Detailed action mechanism and configuration method of ET and retry refer to the gig user documentation, missing column demotion is enabled automatically as long as multiple columns of users are configured for demotion.


HA3 uses the ET and retry functions to enable the front-end user to be unaware of a single searcher core drop.


Four, the gig Group Network: Multilevel cascade system


The gig itself is designed to invoke another service for one service, but the gig can also compose a cascade system as shown in the figure below



Considering that some of the gig nodes in the middle tier may trigger gig demotion due to their own load and so on, and after the downgrade because the latency does not have a large change in the continuous stream, so that there will always be a degraded node in the cluster, affecting the quality of service, so gig specifically defines the downgrade-related error code, The upper gig receives the error code and lowers the node's traffic.


After cascading, except for the red nodes in the graph, the remaining nodes can be masked when an exception occurs.


v. Production flow copy


When a new version of the system is on-line, measured, or optimized for performance, it is often desirable to be able to obtain exactly the same amount of traffic as the production system, including the flow size and composition, and the gig supports the copy of the production traffic to a completely separate cluster, and the copy function increases the network bandwidth of the online system. However, the results of the copy cluster will not serve the online traffic, and the copy cluster itself will not interfere with the operation of the online system.


six, Multi-protocol support


Gig currently supports three protocols: ARPC (Ali internal RPC Protocol), HTTP, custom TCP, users can choose according to their own application characteristics.


Seven, double 11 application situation


During the 11 phase of this year, the search for on-line gig services includes: main search and Tmall search HA3, Rankservice, SP, Igraph and DII, and more than tens of thousands of peak gig calls. Some applications use or trigger pre-warming, downgrading, and other related functions, where the Rankservice cluster also uses the pre-heating function of gig and the heterogeneous (CPU and GPU) equalization function, and the structure of the HA3 and SP engines constitutes a class two gig cascade system.

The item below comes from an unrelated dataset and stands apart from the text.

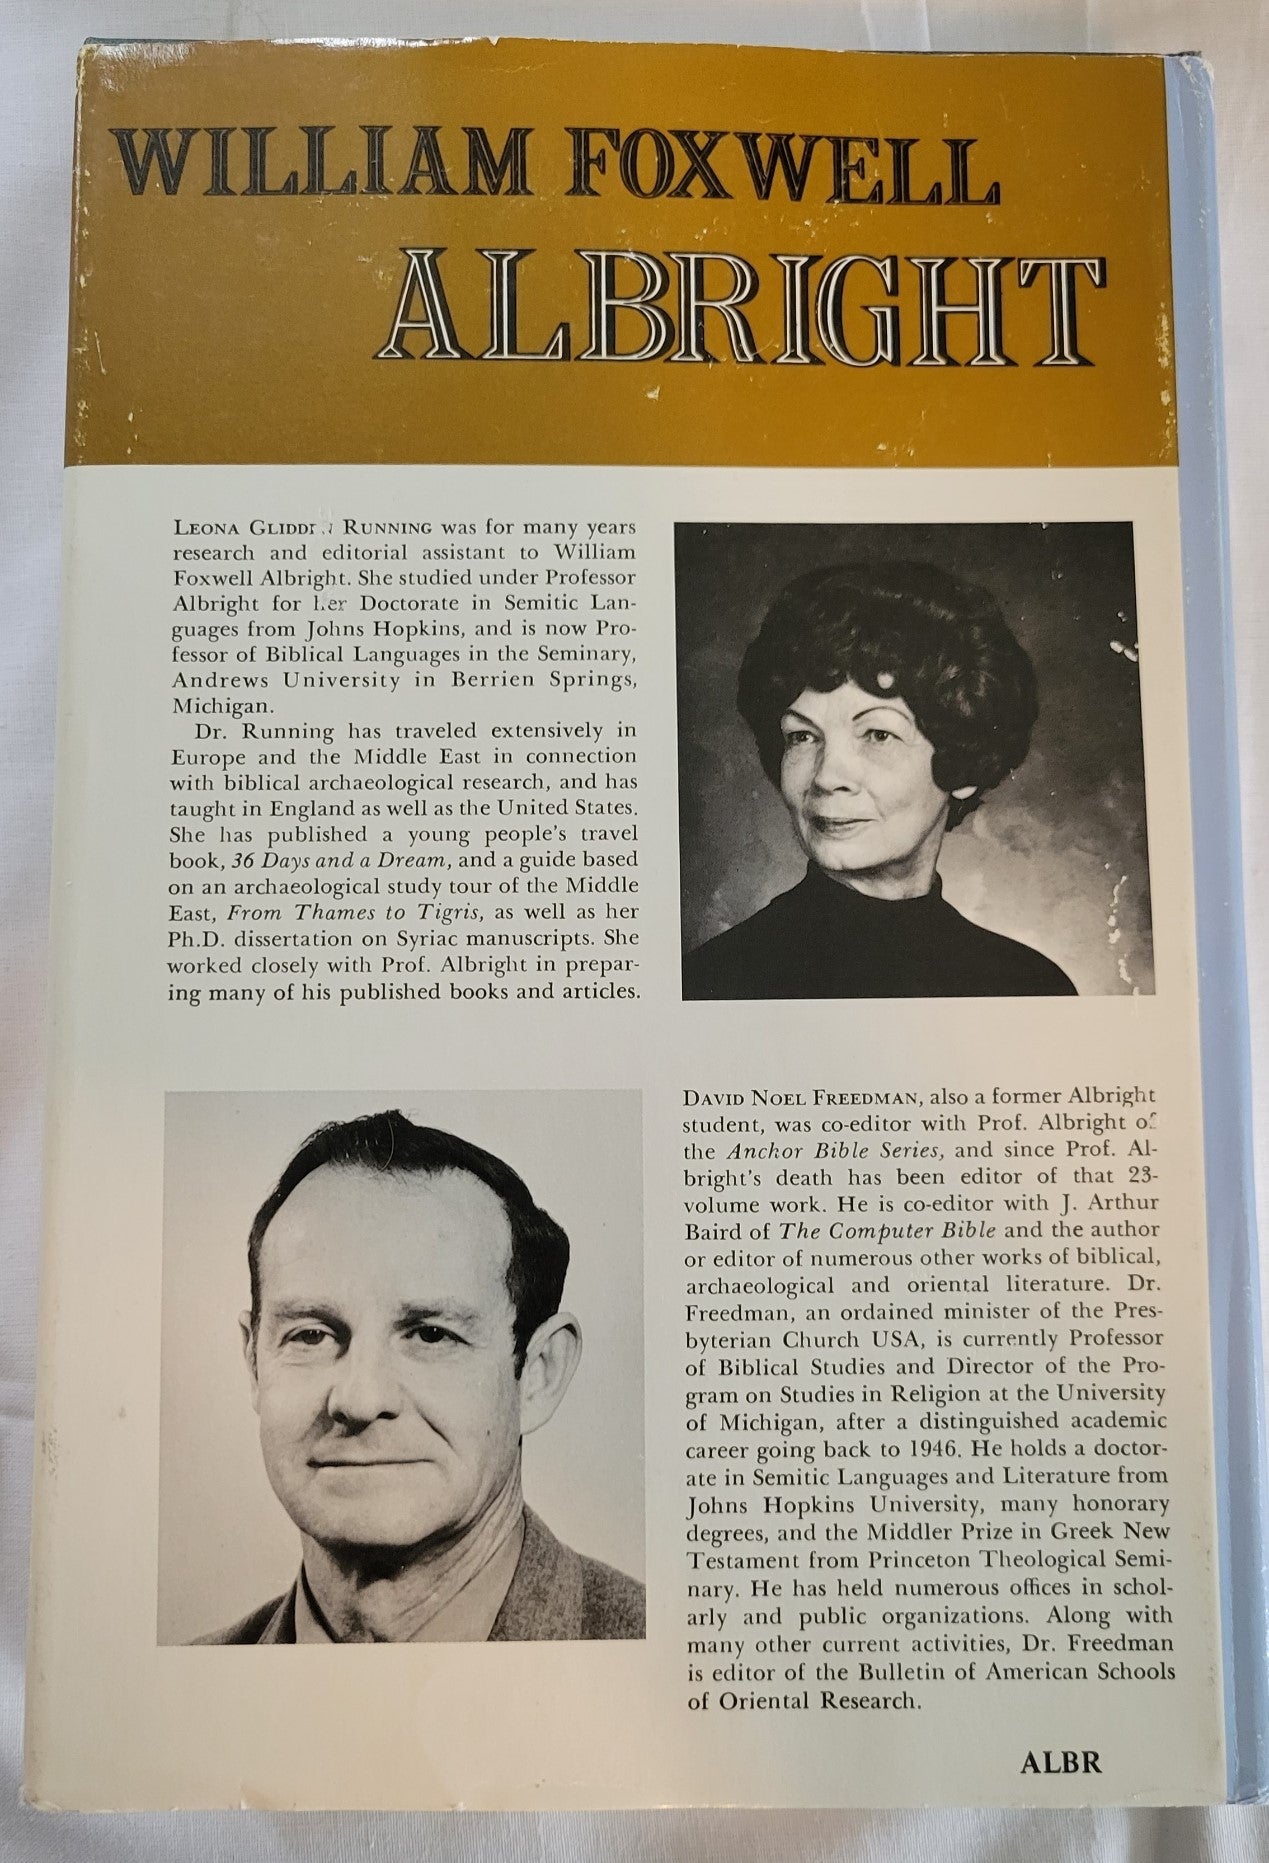 Used book for sale " William Foxwell Albright: A Twentieth-Century Genius” by Leona Glidden Running and David Noel Freedman. Back cover.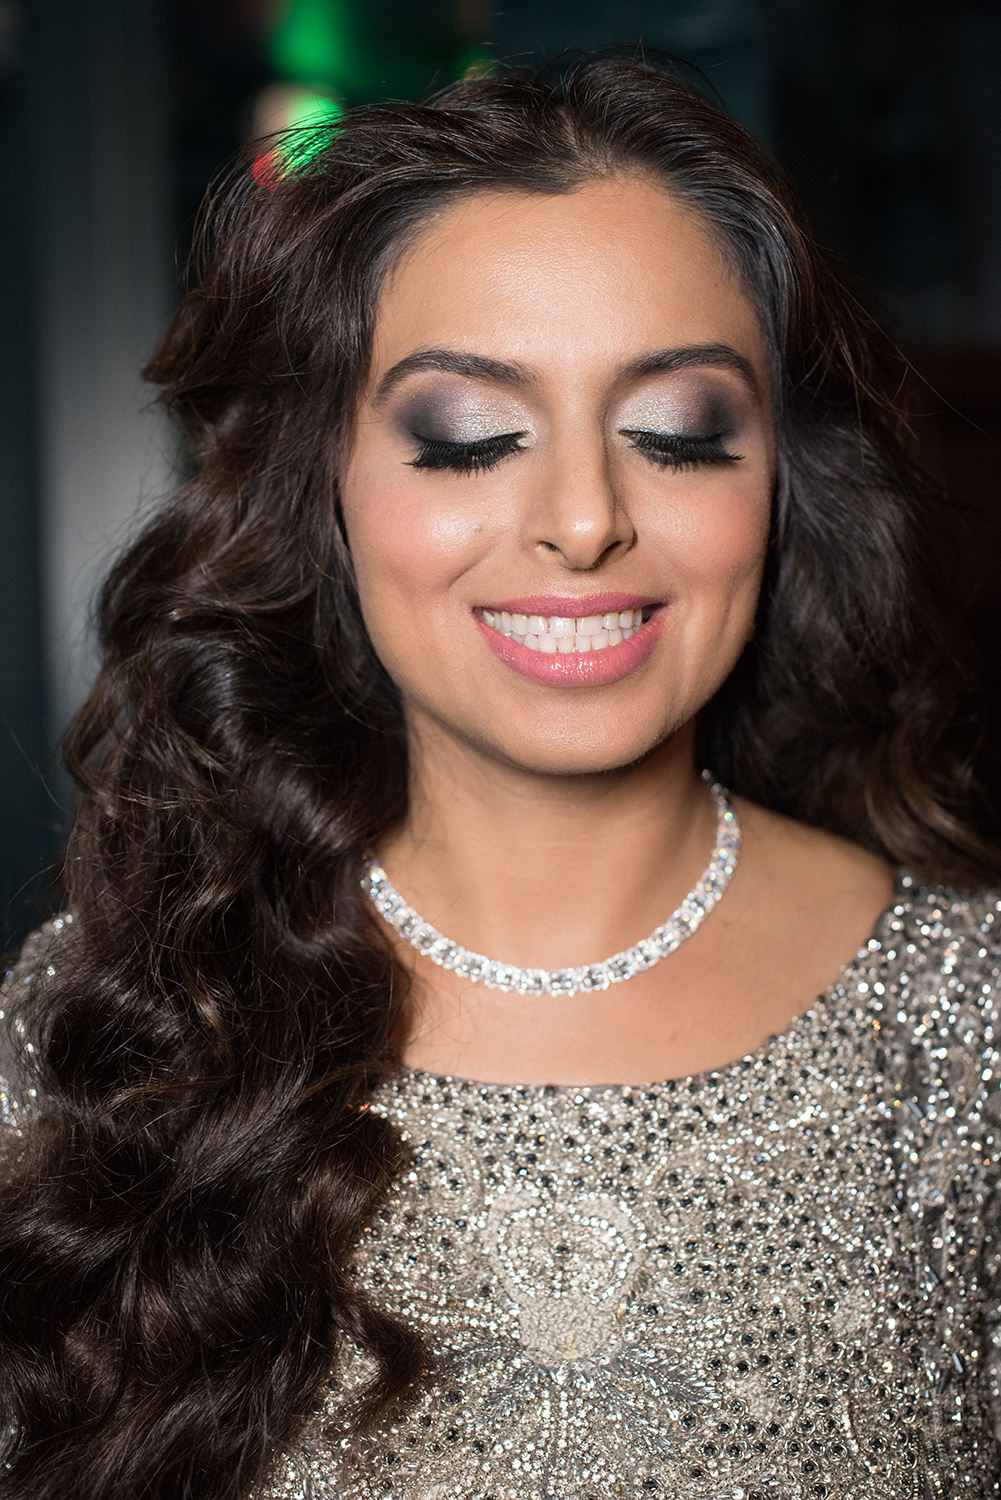 Glamorous glow indian bride silver glitter eyeshadow grey black pink lips by Beauty Affair Agne Skaringa copy.jpg

viii. Summary and Prospect


The presence of gig improves the robustness of search-line applications, significantly reduces the reliance on external environments for service quality, and continues to optimize the performance of the gig's flow control strategy, including improving latency statistics, adding error rate statistics, and support for Java applications, while the recent service mesh has been unusually hot , gig has many features that match the concept of service mesh, and subsequent gig will also take into account the cloud and micro-service scenarios.


Exciting events

Come and get your technical transcripts, ape-boys.

Identify the QR code below

See how many people you have in the cloud community.

What are your 2018 keywords?

Enter the H5 can also draw camera, Alibaba cloud vouchers, dolls and other good gifts.


-end-

Cloud-dwelling community

Id:yunqiinsight

Cloud computing 丨 Internet Architecture 丨 Big Data 丨 machine learning 丨 Operations


Contact Us

The content source of this page is from Internet, which doesn't represent Alibaba Cloud's opinion; products and services mentioned on that page don't have any relationship with Alibaba Cloud. If the content of the page makes you feel confusing, please write us an email, we will handle the problem within 5 days after receiving your email.

If you find any instances of plagiarism from the community, please send an email to: info-contact@alibabacloud.com and provide relevant evidence. A staff member will contact you within 5 working days.

A Free Trial That Lets You Build Big!

Start building with 50+ products and up to 12 months usage for Elastic Compute Service

  • Sales Support

    1 on 1 presale consultation

  • After-Sales Support

    24/7 Technical Support 6 Free Tickets per Quarter Faster Response

  • Alibaba Cloud offers highly flexible support services tailored to meet your exact needs.